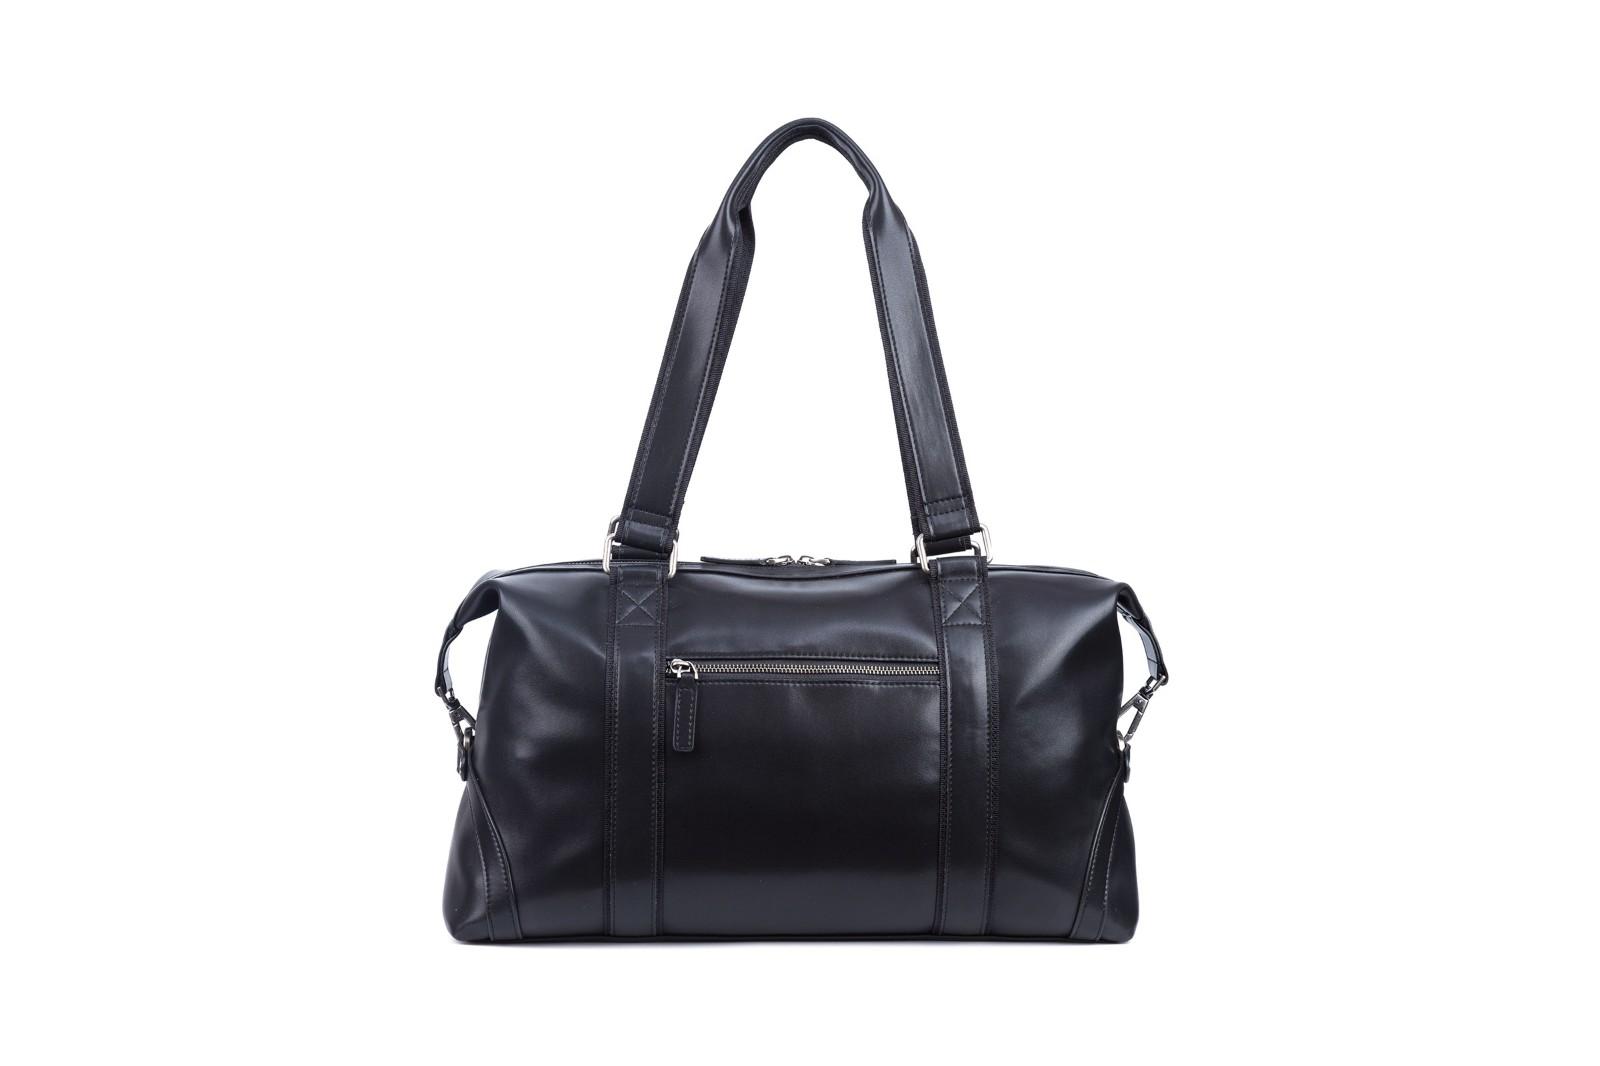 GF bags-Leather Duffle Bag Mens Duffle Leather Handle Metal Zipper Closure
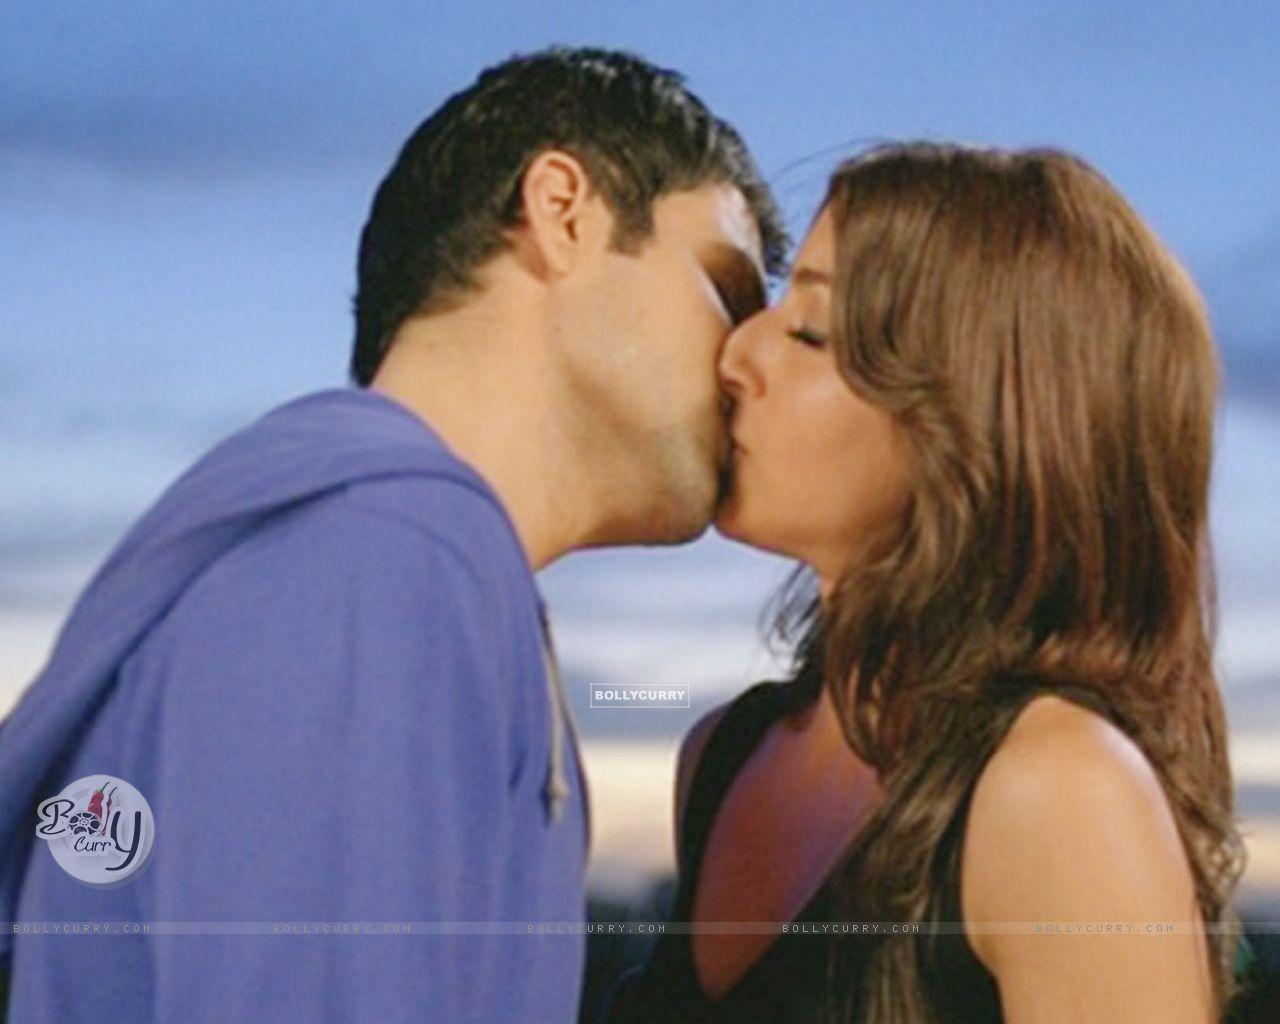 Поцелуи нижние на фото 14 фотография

--

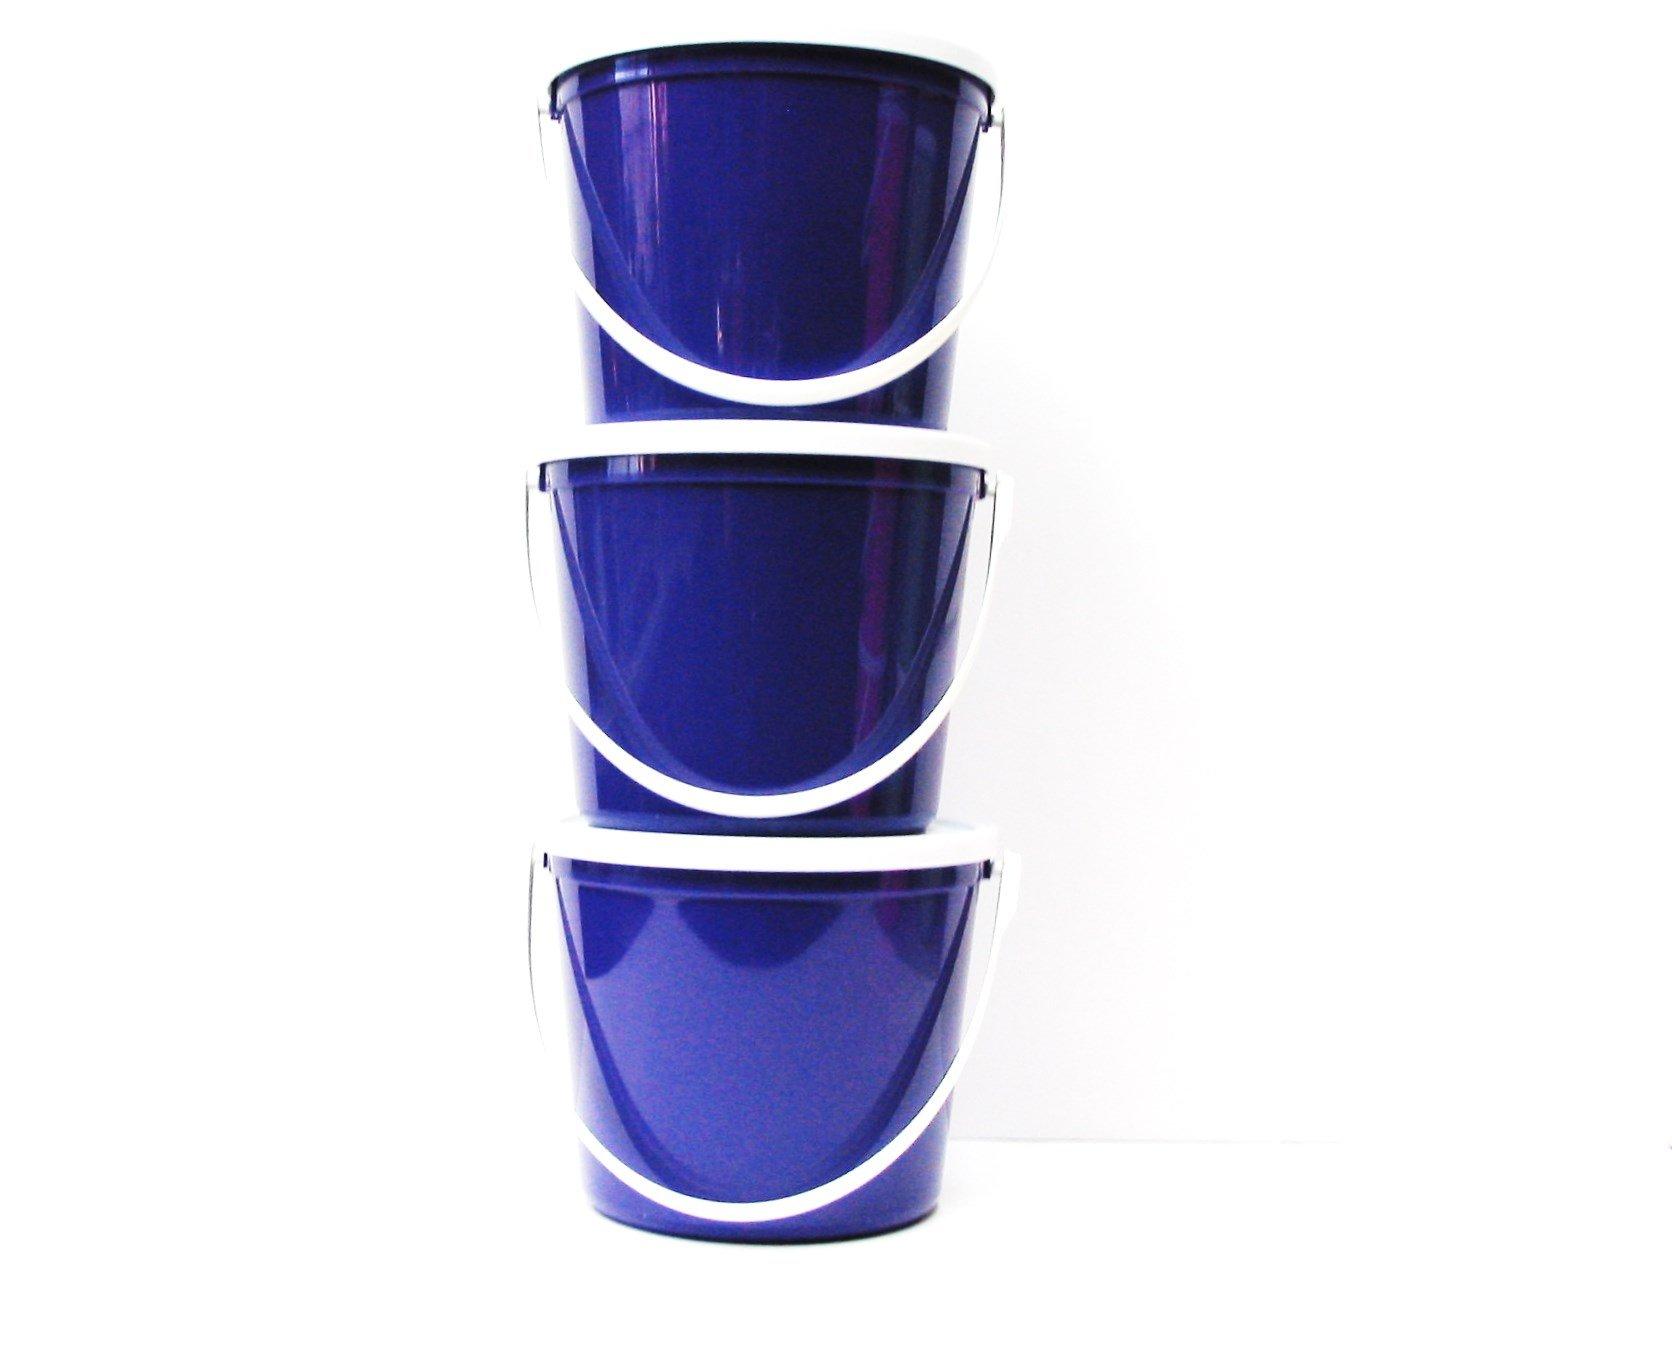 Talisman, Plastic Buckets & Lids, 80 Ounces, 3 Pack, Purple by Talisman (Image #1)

==

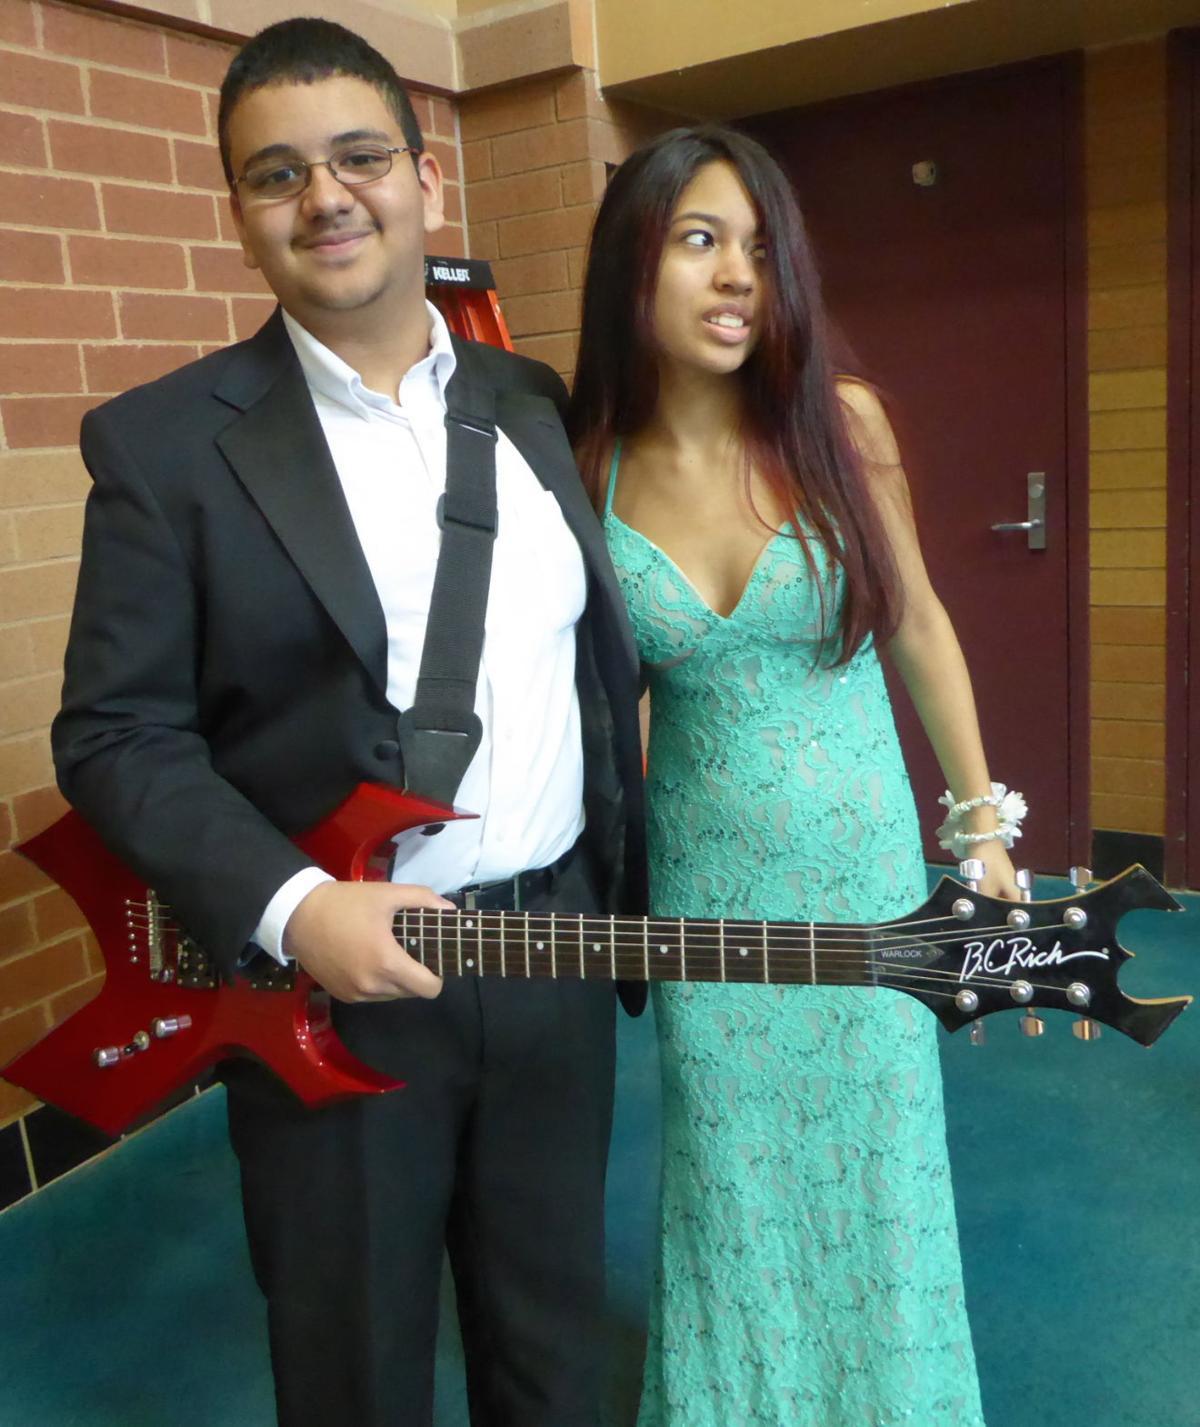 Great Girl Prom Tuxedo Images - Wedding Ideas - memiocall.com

Task item
Please copy out from the data above, without any picture, exactly the lines running from the one that holds "GF bags-Leather Duffle" through the one that holds "Поцелуи нижние на фото 14 фотография", and nothing beyond them.

Exercise response
 GF bags-Leather Duffle Bag Mens Duffle Leather Handle Metal Zipper Closure
 Поцелуи нижние на фото 14 фотография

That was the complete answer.